The owl and the Pussycat went to sea
In a beautiful pea-green boat.
They took some honey, and plenty of money,
Wrapped up in a five-pound note.
The owl looked up to the stars above
And sang to a small guitar.
“Oh lovely Pussy! Oh, Pussy my love!
What a beautiful Pussy you are,
You are,
You are,
What a beautiful Pussy you are!”

Pussy said to the owl, “You elegant fowl!
How charmingly sweet you sing!
Oh, let us be married, too long we have tarried:
But what shall we do for a ring?”
They sailed away for a year and a day
To the land where the Bong-tree grows
And there in a wood a Piggy-wig stood
With a ring at the end of his nose,
His nose,
His nose,
With a ring at the end of his nose.

“Dear Pig, are you willing to sell for one shilling
Your ring?
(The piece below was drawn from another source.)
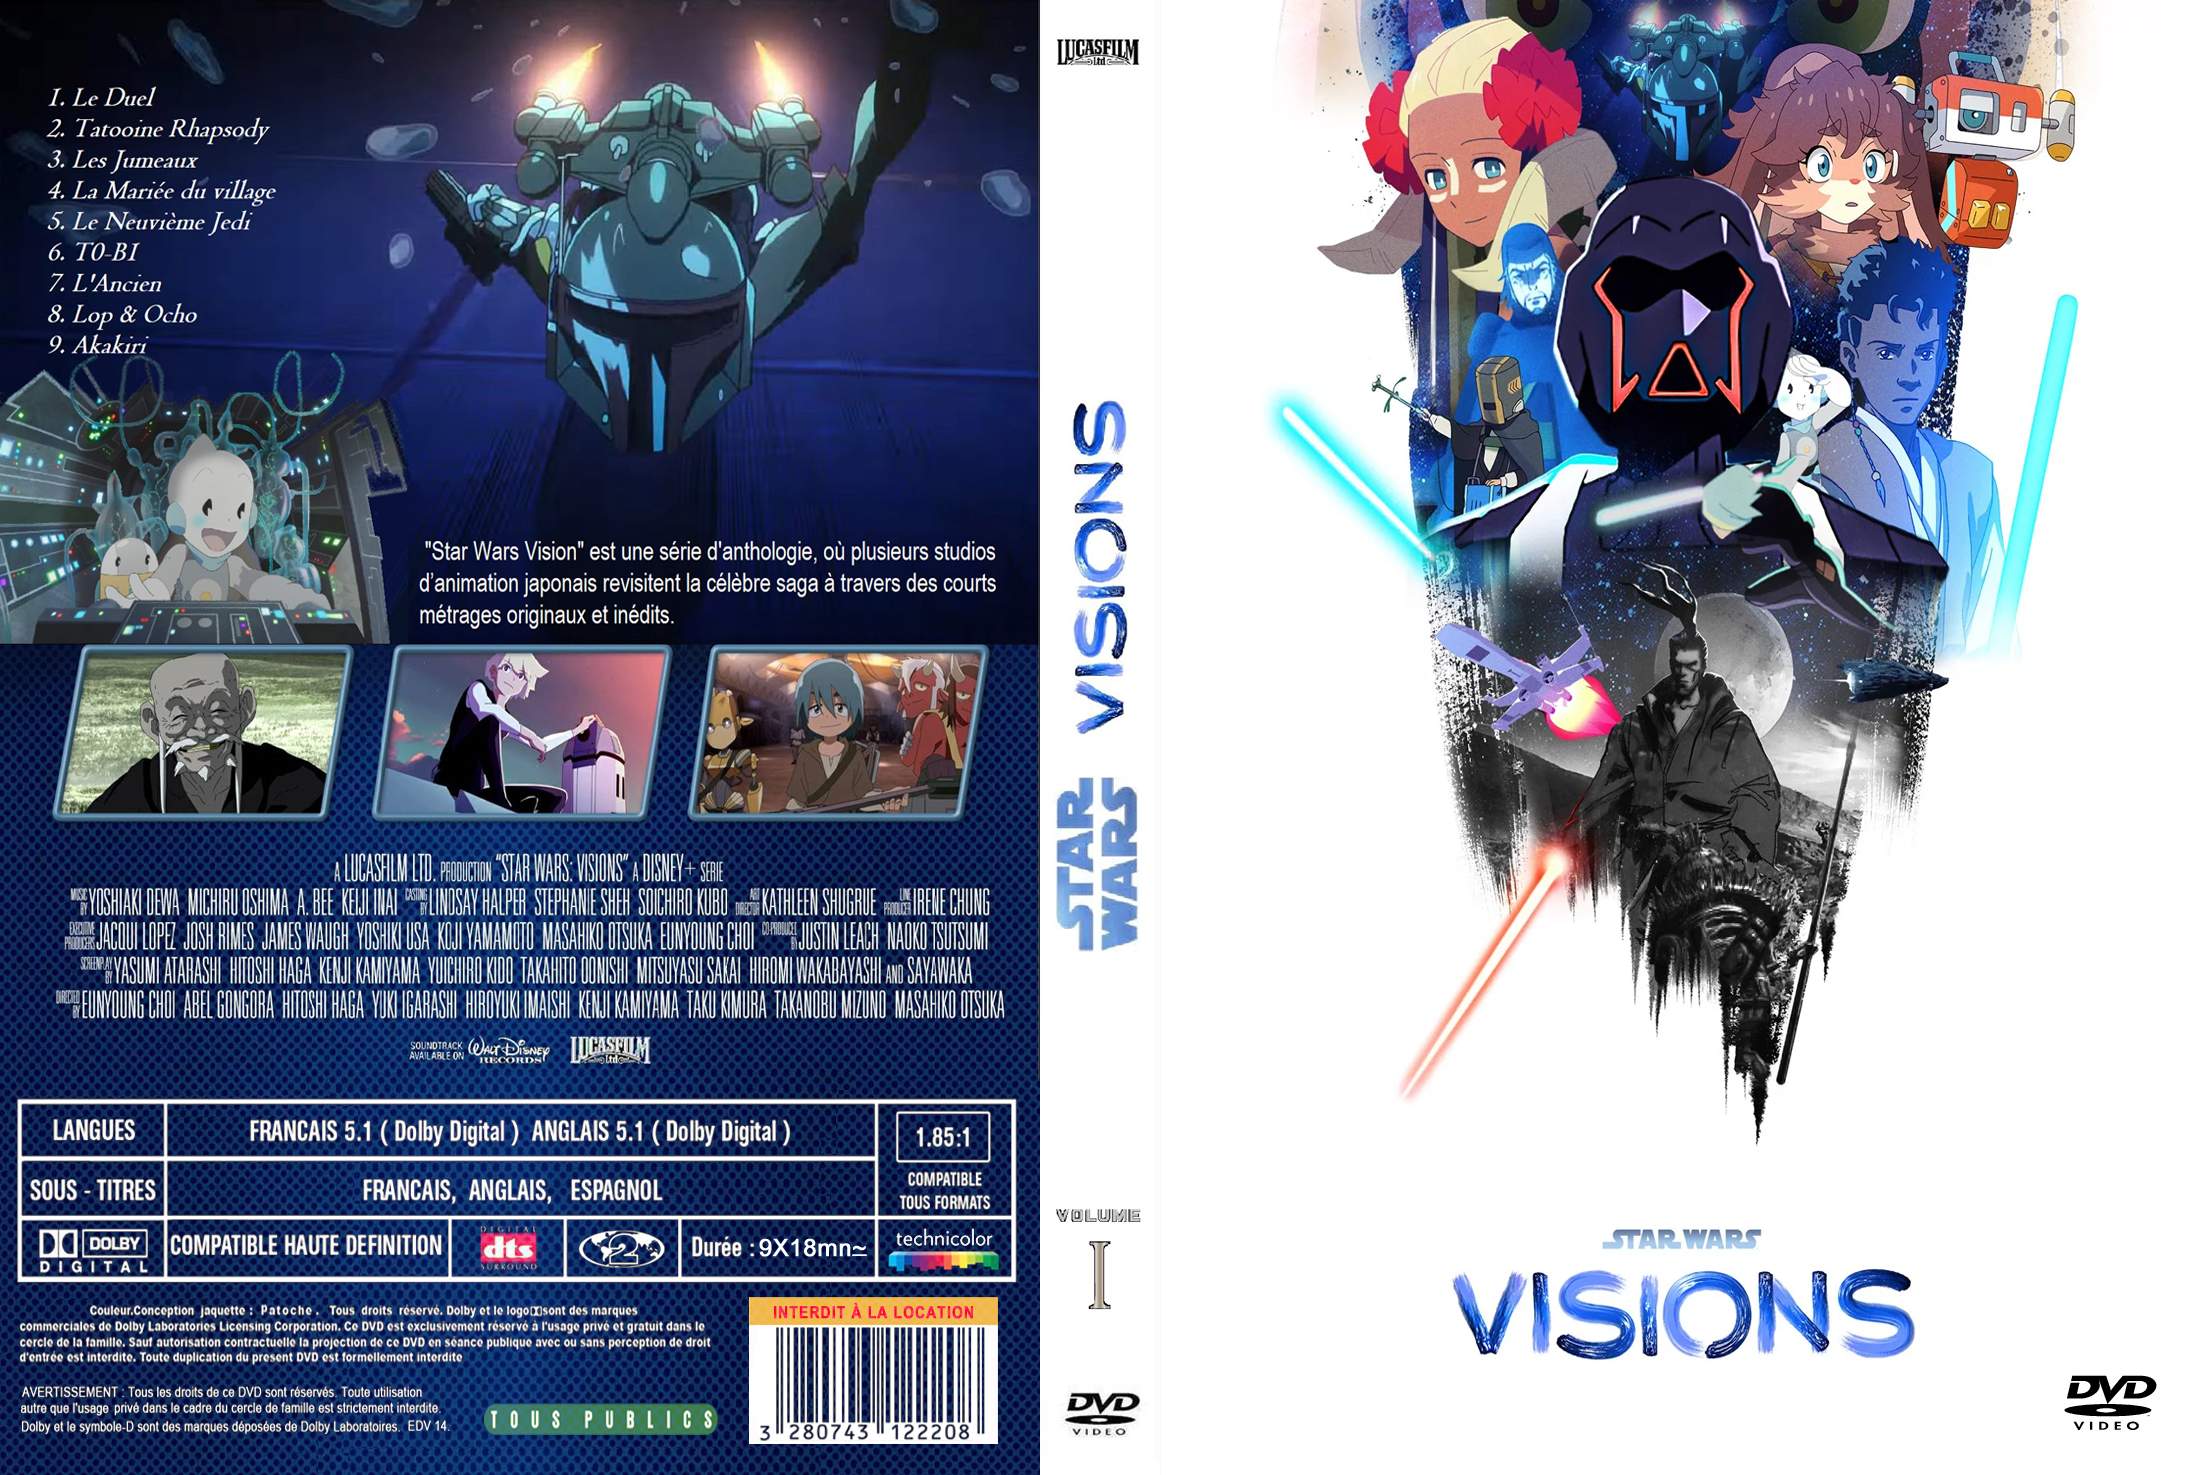 Jaquette DVD Star Wars Visions Saison 1 custom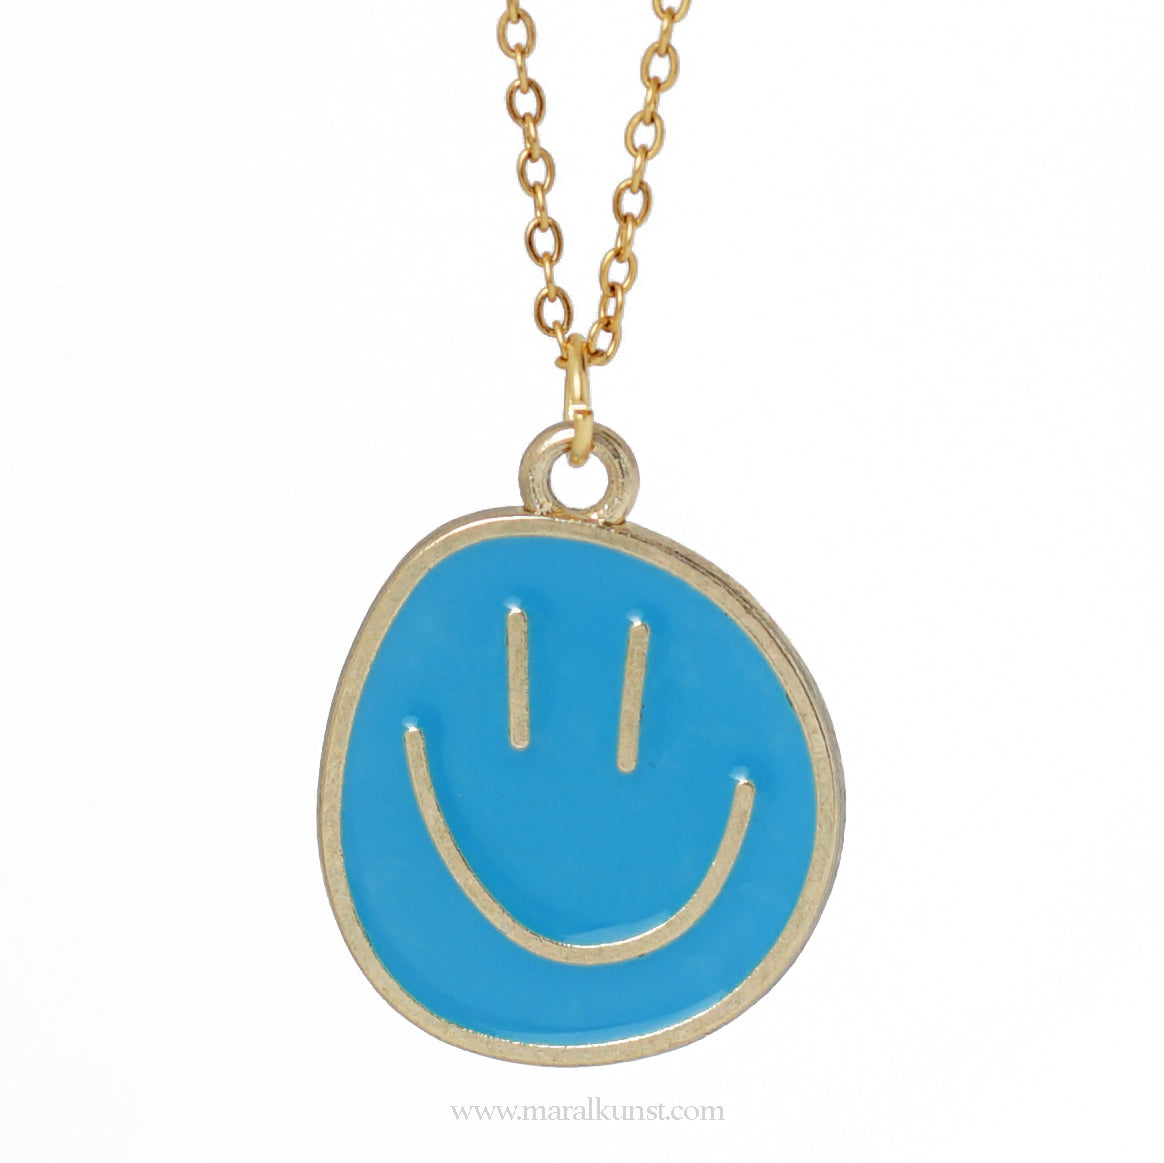 Blue smiley face necklace

Said the Piggy, “I will.”
So they took it away and were married next day
By the Turkey who lives on the hill.
The dined on mince and slices of quince,
Which they ate with a runcible spoon,
And hand in hand, on the edge of the sand,
They danced by the light of the moon,
The moon,
The moon,
They danced by the light of the moon!

So, stories can get a little complicated when you think on it.
But we can come back and share these many kinds of stories and it will be a ‘fantastical’ journey!

But there was something in this story poem that I would like to tell you. The word ‘runcible’ is such a nice sounding word, isn’t it? The only problem is that it isn’t a word at all. Mr. Lear simply made it up.

But that isn’t the strangest thing to me. What is stranger, or more unsettling, is the fact that for over one hundred and thirty-five years no one has given the word runcible a meaning. Perhaps someone reading this page will give the word ‘runcible’ its proper due. Might it be you?

No, no! It’s me. Its rightful name must be ‘neglected’,
Of course,
Of course,
A word so neglected is now resurrected
A runcible spoon, a runcible thought,
that runcible tune ______!

And talk to you soon?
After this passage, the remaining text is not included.